Myth 4: Flow is not a comprehensive tool for network performance and diagnostics (NPMD)
According to Gartner, the main purpose of NPMD tools is to provide performance metrics by leveraging full packet data and capability to investigate network issues by analyzing full packet traces. But do we really need the packet capture solution? No. Enriched flow data provides accurate traffic statistics, visibility into L7 (application protocols) and network performance metrics, so it is fully capable of NPMD use cases.
Actually, with the rise of encrypted traffic, heterogeneous environments and an increase in network speeds, it is inevitable that flow will become a predominant approach in the NPMD field. Especially the bandwidth explosion strongly challenges the legacy packet solutions. Let’s look at a simple example. A network backbone of 10G capacity will require up to 108TB of data storage to keep track of all the network traffic for a period of 24 hours. This is a massive amount of data that you need to collect, store and analyse, which makes the whole process extremely expensive.

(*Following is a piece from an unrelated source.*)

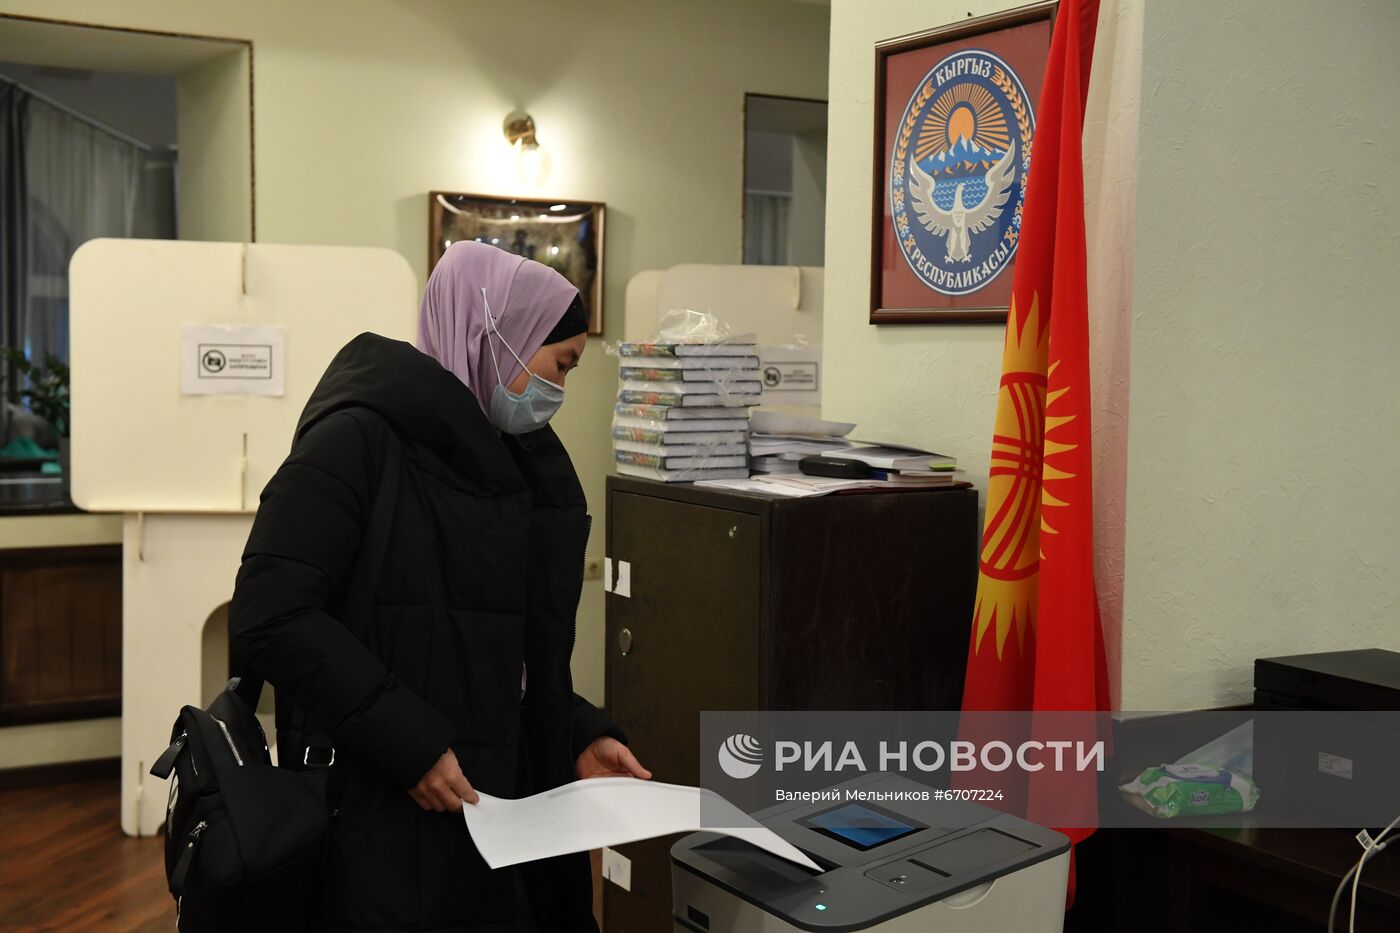 Голосование на парламентских выборах в посольстве Кыргызстана

In fact you will need just a fraction of this data. Flow data in the same situation will require something around 250GB capacity, which enables you to keep 30 days of history on a collector equipped with 8TB storage capacity. So, by leveraging flow data you can keep your network operations tuned up, as well as troubleshooting network related issues for a fraction of resources needed.
So, what if you need to troubleshoot a very specific issue on an unsupported application protocol where there is no visibility in flow data? In such a case you need a packet capture based tool, right? In fact, not really. Having a Probe in place means that you have access to full packet data anyway. So, instead of just extracting all the metadata from the packets, you instruct the Probe to run a packet capture task. This task will be time limited and strictly focused on recording packets relevant to your investigation. So, on-demand selective packet capture is easy to handle even on a multi 10G environment, without the need of massive storage capacity.
Flow data for future dynamics
Flow data is no longer a toy available only in a few limited use cases. Technology Enriched flow data has matured so much that it has become a modern tool, providing sufficient granularity for solving network incidents, configuration issues, capacity planning, and much more. Compared to continuous packet capture tools they additionally dispose with unmatched scalability, flexibility and ease of use. As a result, flow data then saves time, reduces MTTR and the total cost of network operations. Flow data is not limited to network operations, performance monitoring and troubleshooting. It is a basis for network behaviour analysis, able to detect and report on indicators of compromise, lateral movement, APTs, network attacks, etc.
It is no coincidence that reputable agencies in recent years have observed the gradual abandonment of packet capture technology and its replacement with flow. Flow data is making its way into the corporate environment and with continuous adoption of cloud, IoT, SDN and the ubiquitous bandwidth explosion, this trend will only continue.